The nearest Thomas Jefferson ever came to going back to Thomas Jefferson Brown was when he took a job at braking on the Southern Pacific. That held him for three, days less than two weeks.
“The wanderlust bug wouldn’t stand for it,” he explained.
Right after that he struck a farmer’s house where the farmer was sick, almost dying, with three little kids and a frail little woman trying to keep things up. He worked like ten men for more than a month on that farm, and when he went away he wouldn’t take a cent. That’s the sort of ne’er-do-well Thomas Jefferson was.

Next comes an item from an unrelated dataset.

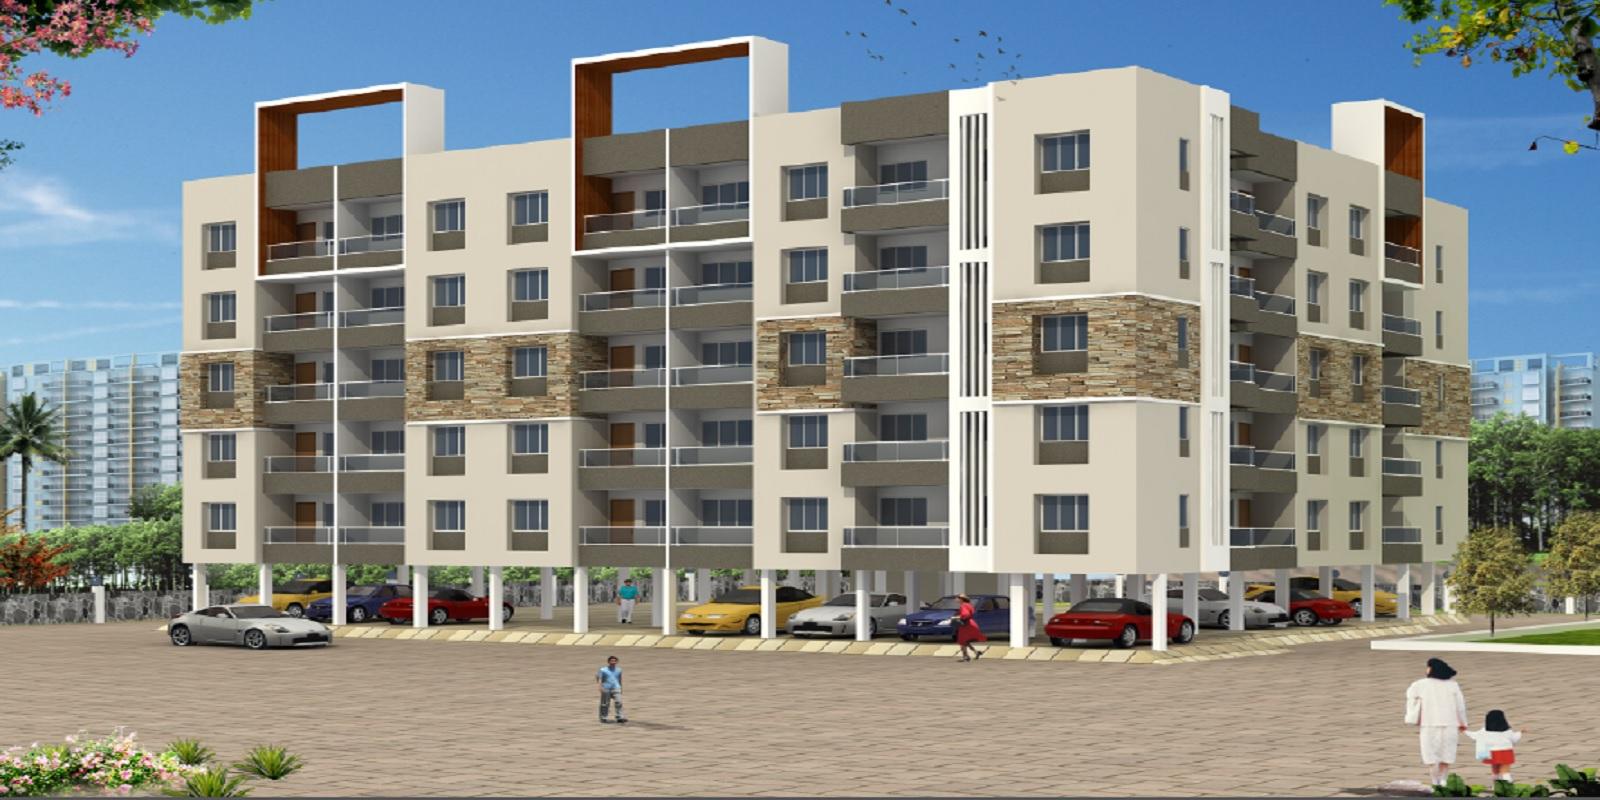 satyam shivam phase 2 project large image1

He wouldn’t beg. He’d go three days without grub, and laugh all the time. It was mostly in the country and in small villages that he made his living. He could play seven different kinds of instruments without any instruments at all. Did it all with his mouth. And the kids—they went wild over him. In return for his entertainment, Thomas Jefferson wasn’t ashamed to take whatever came to him in the way of odd nickels and dimes.

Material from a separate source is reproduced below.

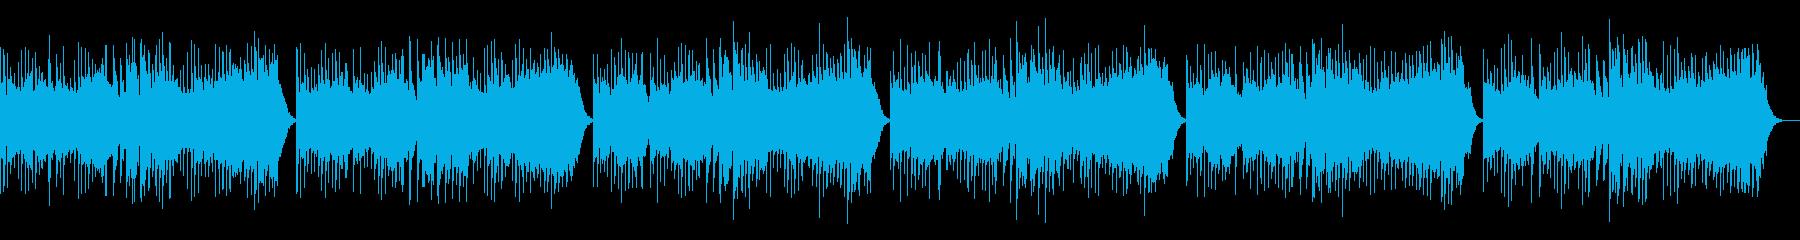 ベートーベン第九 / オルゴールの再生済みの波形

Once the manager of a vaudeville house heard him on a street corner, and offered him a job at fifty a week if he’d sign a contract for a dozen weeks.
“Good Lord,” said Thomas Jefferson, “I wouldn’t know what to do with six hundred dollars!”
The next week he was cooking in a lumber-camp for his board. That’s Thomas Jefferson—or, rather, that’s what he was.
And now we’re coming to the girl who killed the bug in Thomas Jefferson—and rescued the king. She was born swell. She has blue eyes—the sort that can light up a dark day, and can make your head turn dizzy when they smile at you. And she’s got the right sort of hair to go with ‘em—red and gold and brown all mixed up, until you can’t tell which is which; the sort that makes you wonder if some big artist hasn’t been painting a picture for you, when you see it out in the sunshine.
She comes of a titled family, but she’d want to die to-morrow if Thomas Jefferson Brown didn’t worship her from the tips of her little toes to the top of her pretty head. She thinks he’s a king. And he is—one of those great, big, healthy kings that nature sometimes grows when it has half a chance.